Editing data through an OData V4 service will always be supported by a fully integrated draft mode. The active object isn't touched until all your changes are consistent and complete and you want to apply them finally to the object. While you are in the process of editing the data, all changes are maintained in a separate storage on the backend, making automatically sure that your work isn't lost even under volatile network conditions (working mobile, erratic connectivity etc.). Browser timeouts or network outages are threats from the past that way. And for the development of your service in the backend, the RAP (ABAP) and CAP (Cloud) programming models do all the heavy lifting for you to automatically provide the mechanisms required behind the scenes for this.


A major change over the former breakout-based extension concept of the V2 stack is the flexible programming model. Using so called building blocks allow you to assemble your custom design from ready-made UI pieces, similar to those we use to generate your application UI based on the backend service and its annotations.
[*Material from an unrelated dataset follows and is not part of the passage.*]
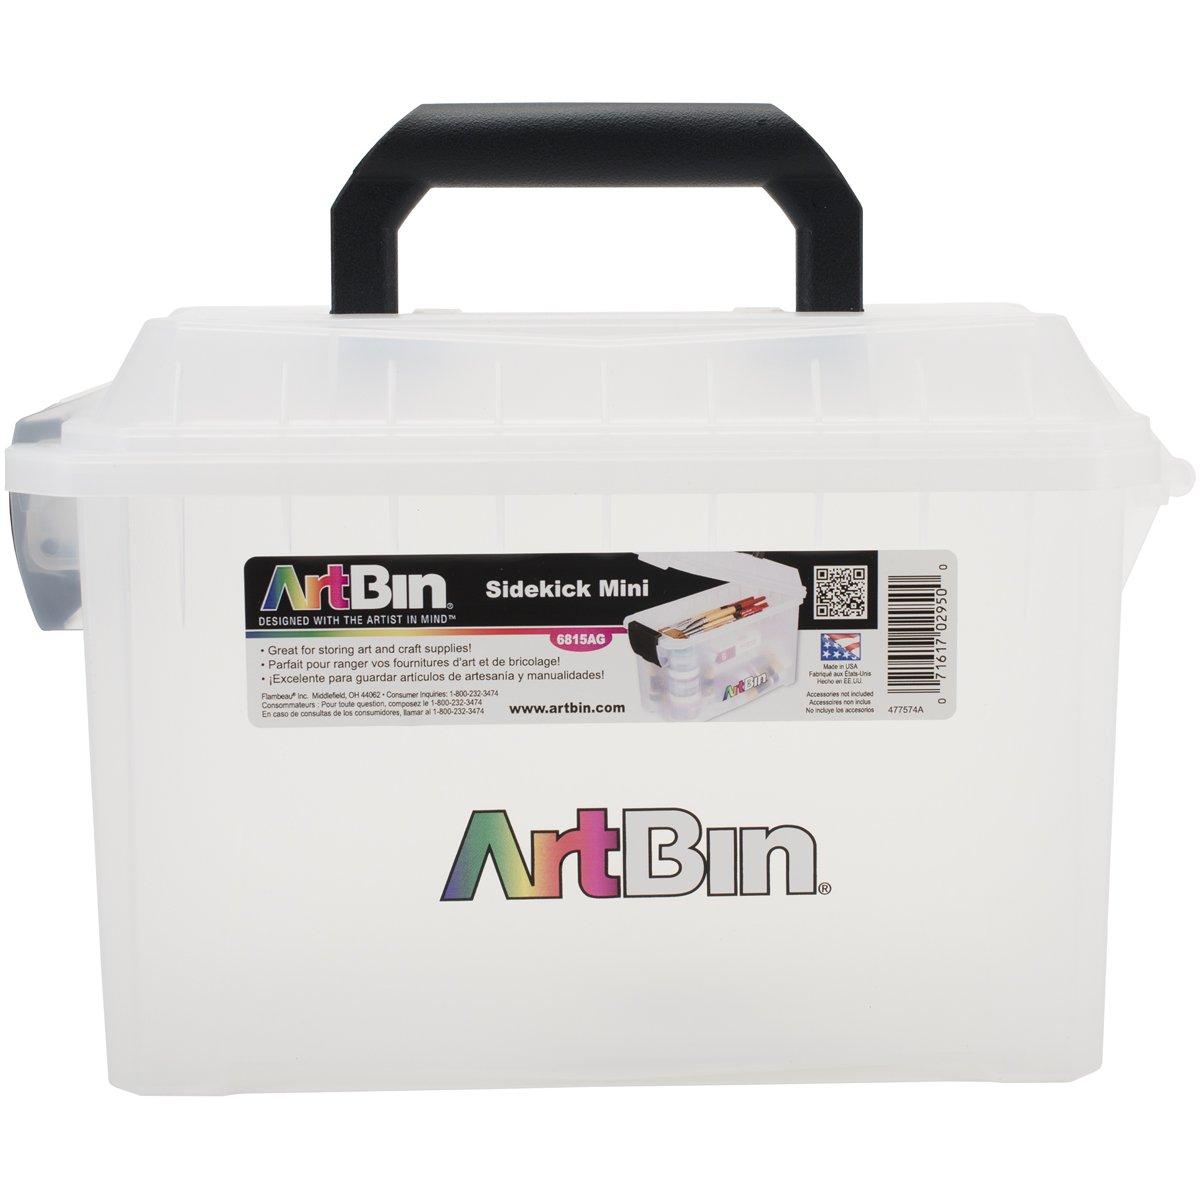 ArtBin Mini Sidekick Storage Box- Art/ Craft Supply Storage Container, 6815AG

Implementing or overloading controller extensions gives you all the flexibility to implement your individual requirements. You can extend your floorplans on different levels of granularity, like individual actions, sections, columns or even complete pages. You could even start from a bare blank page and so create a full freestyle app, all still orchestrated by the SAP Fiori elements runtime. By using only our building blocks, the timelessness of your application is still ensured with respect to design and interaction evolution.



Flexible programming model: custom artifacts


Another integral part of the new architecture are reuse components. While they were rather balconies in your V2 SAP Fiori elements app (retrieving their data from somewhere, which is not directly a network administrators dream setup in general) and displaying them in a mostly isolated manner, for V4 we'll merge the reuse data already on the backend side and so make it part of your one and only OData service. And on the frontend side, consumption of such data can be seamless and highly integrated through according building blocks (attachments, RTF editor, ...) or via integrated features like the Situations handling.


SAP will continue to support the V2 stack for the foreseeable future, as thousands of apps are being built on it already, and there is no need to migrate or upgrade existing apps. They will continue to live up to the value proposition of automatic design and interaction evolution adoption. However, major additional functional innovations will be introduced on the new architecture only. Collaborative draft handling, Situations integration, AI based automatic property value recommendations etc. are considered for SAP Fiori elements floorplans for OData V4 exclusively, and the general guidance for new applications is to start with OData V4 development only, for all the various reasons explained above.


Almost the full SAP Fiori elements V4 framework (with a few exceptions due to technical constraints) is also publically available for free as an open source stack. It can be downloaded as an additional component into the also free UI5 version (open.ui5) and so be tried out without any upfront SAP license costs.